We offer four capabilities to communicate that code to the point of sale:

  • You can tell them the code—just read it off the handset's screen—and they key that in.
  • Second, if they have PIN pads, you as the consumer could key that in.
  • The third way would be, if they have contactless, or NFC near-field communication, we could use a contactless pad to transfer that code.
  • Or we could convert that code to a bar code that they could scan at point of sale.

That's what we mean by “no new hardware” required.

Is that a strong selling point, the fact that your solution doesn't require any new hardware?

Kevin Grieve: Absolutely. It reduces counter clutter and it doesn't require a capital outlay.

When you talk about big, multi-lane retailers, one of their largest costs is their PoS hardware, so not having them spend money to deploy new hardware is a big selling point relative to implementing our solution. [The Mocapay system] can simply be installed as part of the merchant's software update cycle at point of sale for those merchants that have large-scale, custom PoS solutions.

For a smaller retailer, we are simply a 15-minute download to the different point-of-sale hardware terminals that we've already been integrated with and certified on.

What's your current range of clientele?

Kevin Grieve: We're focusing on the gift card providers. That's closed loop, and that's our first go-to-market [strategy]. We're talking to regional and national players.

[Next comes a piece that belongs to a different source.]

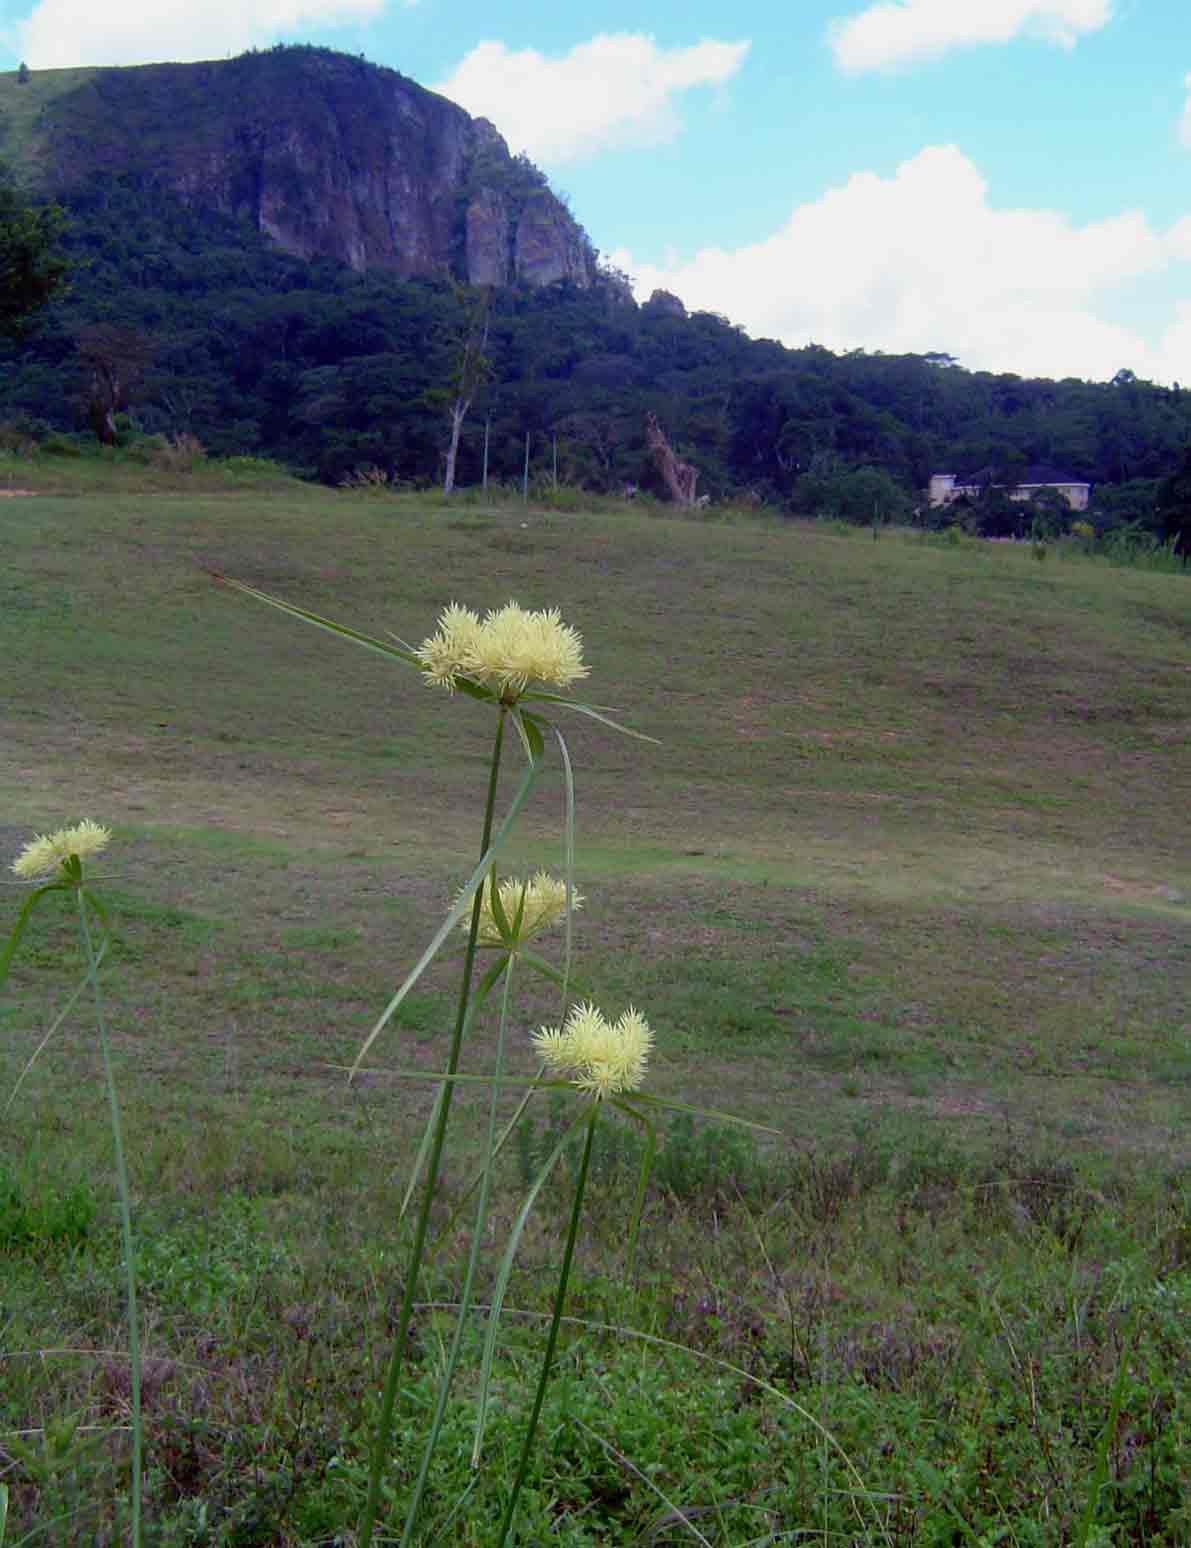 Chinyakwaremba from the Leopard Rock golf course. The pale yellow heads of <a href="species.php?species_id=110300">Mariscus hemisphaericus</a> are in the foreground.

We conducted our pilot program in Boulder, and it was really focused on a local set of merchants. Now that we've switched to gift, we're going to focus on some of those top retailers that have regional or national footprints.

So are you currently negotiating any deals with national retailers that have gift card programs?

Kevin Grieve: We'll target all those companies, but I can't talk about specifics. However, we recently announced in a press release that we're partnering with a gift card provider, STS. They've got about 4,500 merchant locations that they provide gift card solutions for.

We're working with them to mobile enable their set-up merchants. That will get us a whole swath of accounts: some local, some regional and some national.

Also, we're probably working with, I would say, about 15 different regional and national merchants that we're in discussions with right now. We're probably looking at 2-4 merchants that we would want to pilot with in 2009. <./p>

Would those be national merchants?

Kevin Grieve: They would have a combination of local, regional and national. What we would typically do is, for any large retailer—and this is when you launch any new payment capability—you typically do a 25-, 50-store pilot and go through a minimum three-month test and then from there you make a decision and then you scale and roll that out nationally.

What is your timeline for going from pilot or beta to full deployment?

Kevin Grieve: We're looking at trying to do that in the next 12-18 months. So that says we're going to get 2-4 regional and national players and then we would pilot with them. After that, what we would like to do is secure a national deployment with those retailers within that [12- to 18-month] timeframe.

That's what we're looking at doing. Once we do that, the rest of the merchants would be coming on board with the assumption that they're going to do a national rollout.

Let's talk about venture financing. Who are your current backers, how much are you looking to raise with your next round of funding, and what do you plan to do with that money?

Kevin Grieve: To date, we've raised $4.5 million. That's through a combination of seed capital from friends and family and from Lacuna Gap Capital, our current VC.

We're looking at raising another $4-$5 million for this pilot-to-national rollout with regional and national players over the next 12-18 months. This would be considered Series B, from an investor's standpoint.